RELEVANT NEWS & ANALYSIS

The U.S. State Department released its annual Country Reports on Human Rights Practice on March 5. Here is the country report for Vietnam. It is worth noting that this year’s release lacks the usual fanfare accorded to it under the previous administrations. The Trump administration clearly does not care. Welcome to the post-human rights world (this is actually the title of a relevant and thought-provoking piece by Sebastian Strangio on the current global state of human rights).

Given this context, what do the changes under the Trump administration mean for U.S.-Vietnam relations? Check out this thoughtful analysis, “Human Rights on the Line: What does Trump mean for US-Vietnamese relations?”  by our own @KayleeDolen.

IN CASE YOU MISSED IT…

Did you know that this month last year, in March 2016, 7 activists were convicted in one week? The 88 Project has an updated timeline of human rights related events in Vietnam on our website, where you can review what has been going on since the 1950s! Check it out.

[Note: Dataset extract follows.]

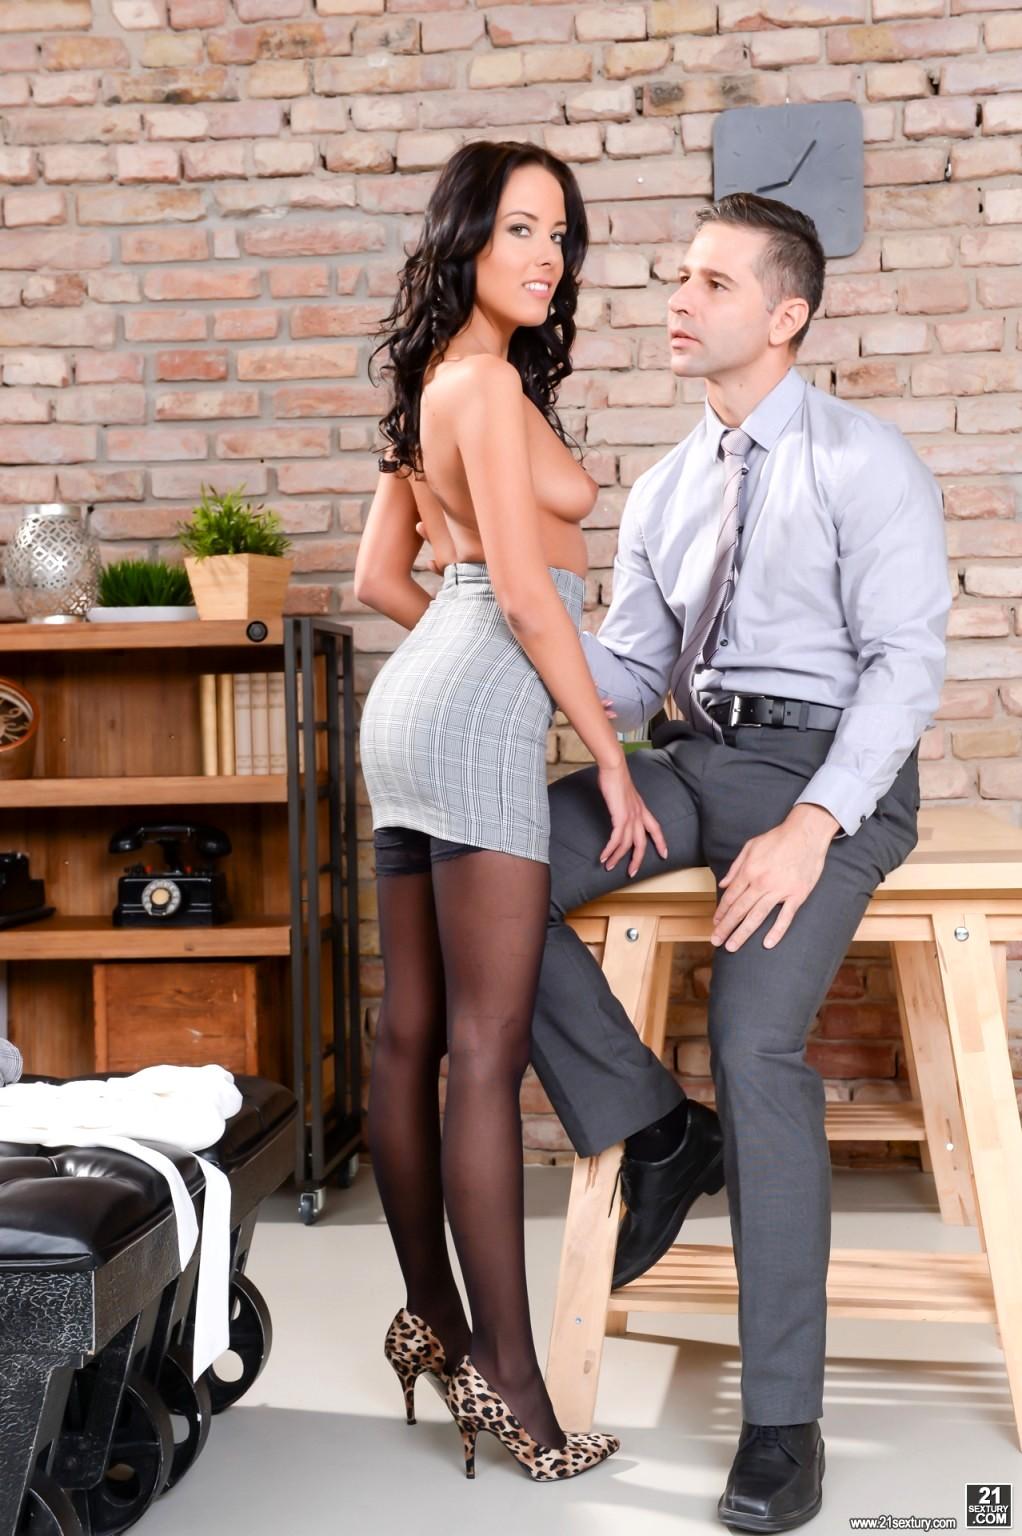 Babe Today 21 Sextury Lexi Layo Toby Sexy Stockings -9563

Amnesty International compiled a reliable list of Prisoners of Conscience in Vietnam last year: 86 POCs in total, among them 12 are women, as of July 2016. Note that these are only a selection of prisoners of conscience identified by Amnesty International. The true number is believed to be higher.

TAKE ACTION

Sign PEN America’s open letter on behalf of Nguyễn Hữu Vinh and Nguyễn Thị Minh Thúy, urging the Vietnamese authorities to “appeal the Higher People’s Court Decision before the Supreme People’s Court, and to ask that their sentences be overturned.”